On the issue of interest, counsel submitted that the defendant proposed an interest rate of 25% per annum from the date of filing of the suit until payment in full on all categories of payment. That the defendant had acquired a loan which he had to pay at a commercial rate.

The following are the issues for determination;

  1. What is the appropriate quantum of damages?

  2. What is the applicable rate of interest?

  3. Whether the defendant is entitled to costs.

I will resolve the issues the same order and headings.

Resolution of the issues;

Issue No.1: What is the appropriate quantum of damages?

The position of the law was restated in the case of Storms vs. Hutchison (1905) AC 515; Kampala District Land Board & George Mitala vs. Venansio Babweyana Civil Appeal No. 2 of 2007; that damages are the direct probable consequences of the act complained of. It may be a consequence due to loss of use, loss of profit, physical inconvenience, mental distress, pain and suffering. The test for the measure of damages was well stated in Assist (U) Ltd vs. Italian Asphault& Haulage & another HCCS No. 1291 of 1999 at page 35, that a party who suffers damage due to the wrongful act of another must be put in the position he or she would have been had he or she not suffered the loss or injury. In arriving at the quantum of damages, court is guided by the principle enunciated in the cases of Kibimba Rice Ltd. vs. Umar Salim, SCCA No.17 of 1992; and Uganda Commercial Bank v. Kigozi [2002] 1 EA. 305; that regard should be had of factors such as the economic/financial value of the subject matter, the inconvenience that a party was put through and the nature and extent of the injury or loss suffered.

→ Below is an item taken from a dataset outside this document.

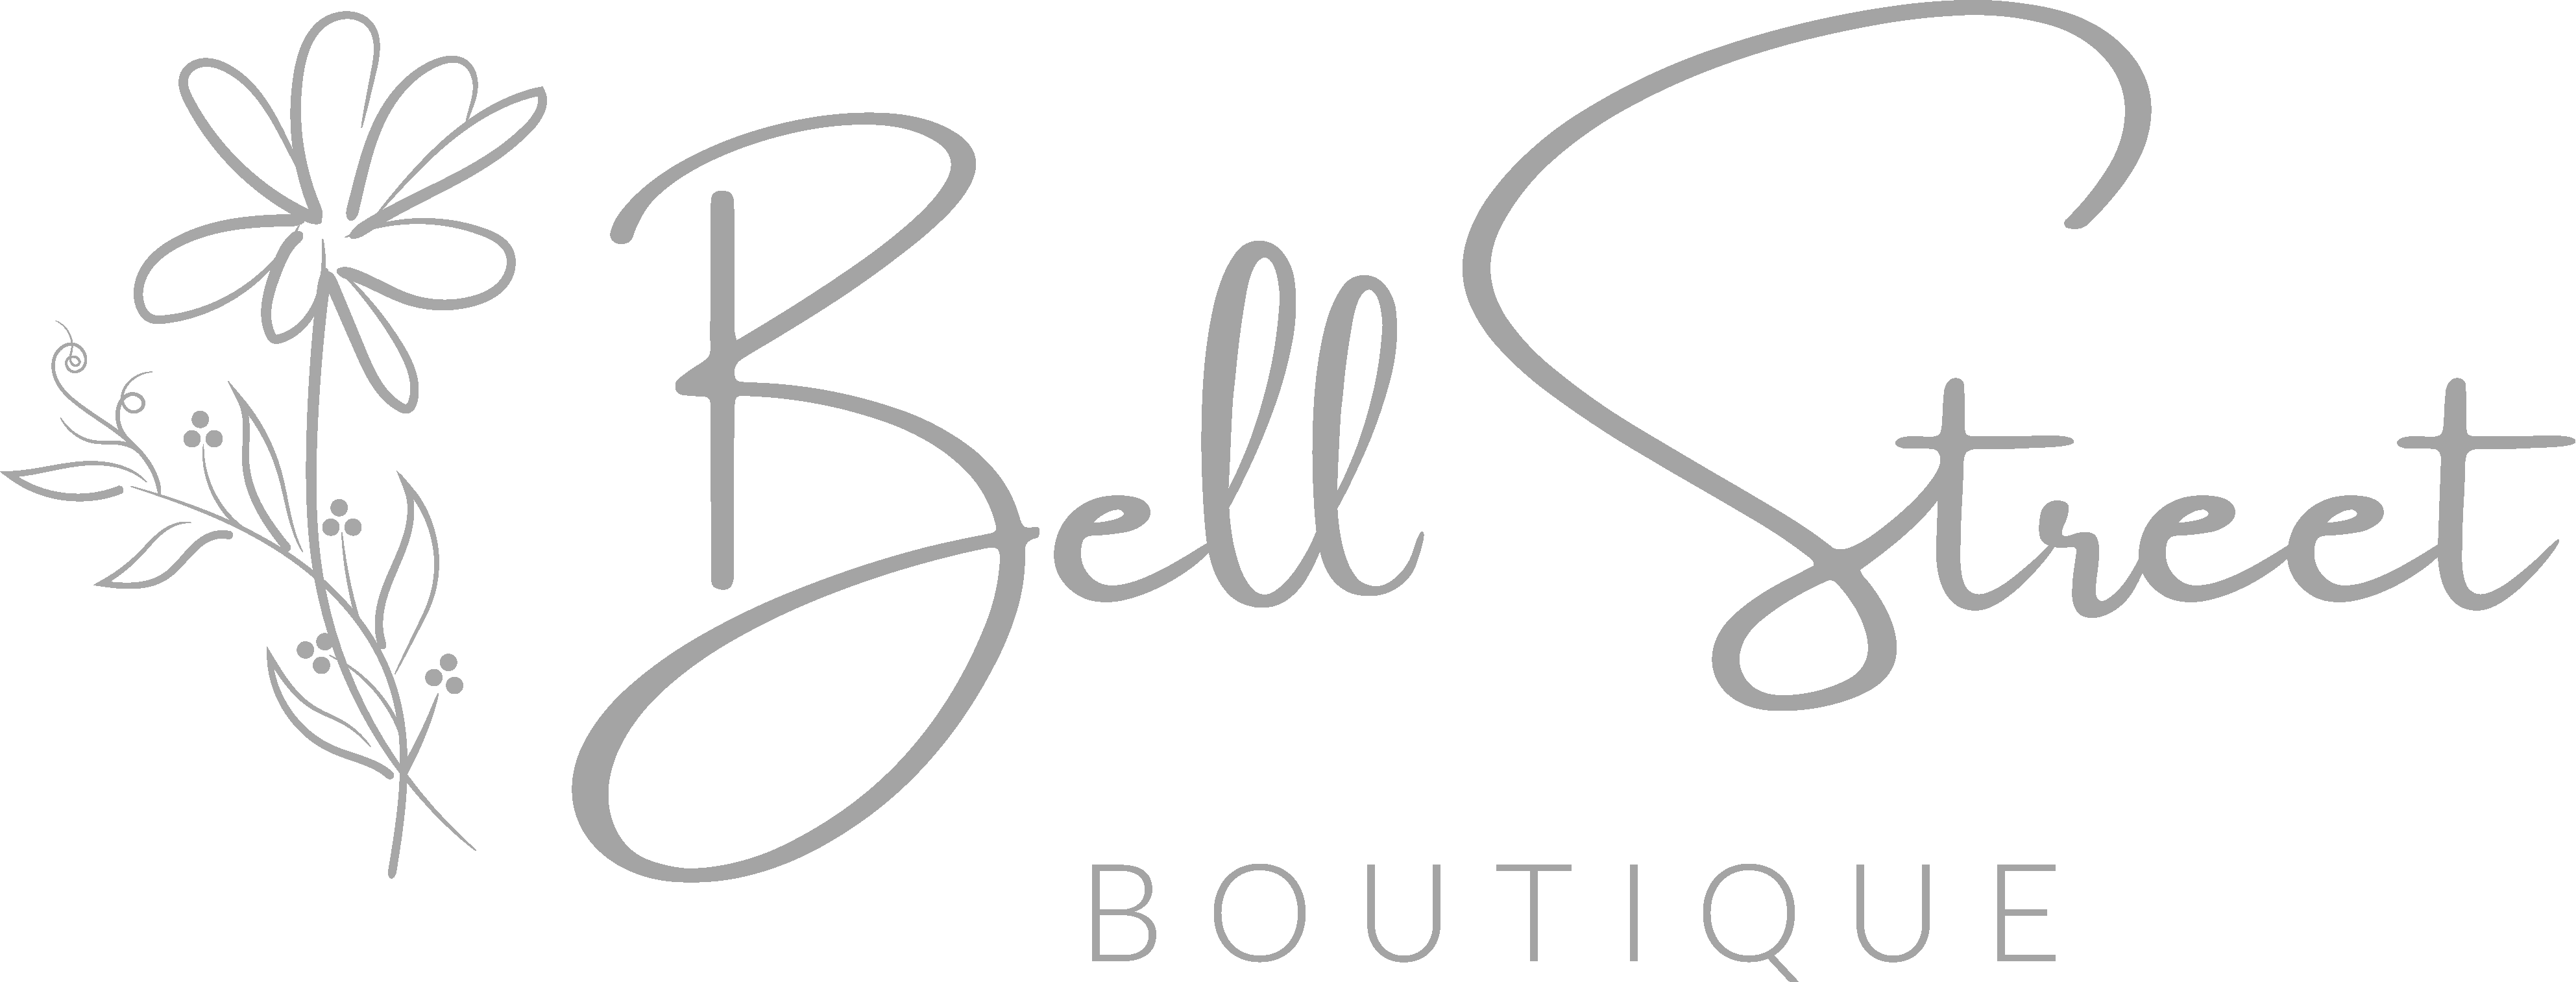 Bell Bootique

It was also held in Takiya Kashwahiri & A’ nor v. Kajungu Denis, CACA No. 85 of 2011, that general damages should be compensatory in nature in that they should restore some satisfaction, as far as money can do it, to the injured plaintiff.

Applying the principles stated in the above decided case to facts of the instant case, the unrebutted evidence of the defendant clearly demonstrates that Government compulsorily acquired his for the plaintiff’s public purposes and leased the same to the plaintiff for 99 years. This was after the defendant had duly compensated all the squatters who were settled on the suit land, and graded the same in order to develop it into a hostel complex for students. The plaintiff filed the instant suit and obtained an order of a temporary injunction against the defendant restraining him from developing the suit land until final determination of the suit. This evidently occasioned economic and financial loss to the defendant.

Further related to the above latter, the defendant adduced evidence that he lost great economic opportunity of developing his land. He had planned to construct a hostel which no doubt given the location of the suit land would earn him substantial amount of money in rent. The compulsory acquisition of the suit land by Government for the public purpose of the plaintiff essentially had a ripple effect of negative economic and financial proportions on the defendant. This is of course not to mention of the physical and psychological stress exerted on the defendant who as a businessman who ordinarily thrives primarily on business. This entitles that defendant to general damages commensurate to the damage and loss suffered. The plaintiff suggested Shs.50 million while the defendant proposed Shs. 500,000,000/= as general damages.

I find that the claim of Shs. 450,000,000/= by the defendant is backed by concrete evidence as opposed to the proposal of the plaintiff which was mainly premised on the argument the tax payer’s money is involved in payment of the value of the suit land and general damages. Court takes into account the unrebutted evidence of the defendant that he had already paid all the squatters on the suit land to the tune of Shs.25, 000,000/=. Further, he had graded the suit land, and that he was going to construct a hostel and restaurant that would fetch him a sum of money per year of approximately Shs.41,000,000/=. The suit land is located in a commercial-cum-institutional zone and is mainly surrounded by hostels and the Law Development Centre.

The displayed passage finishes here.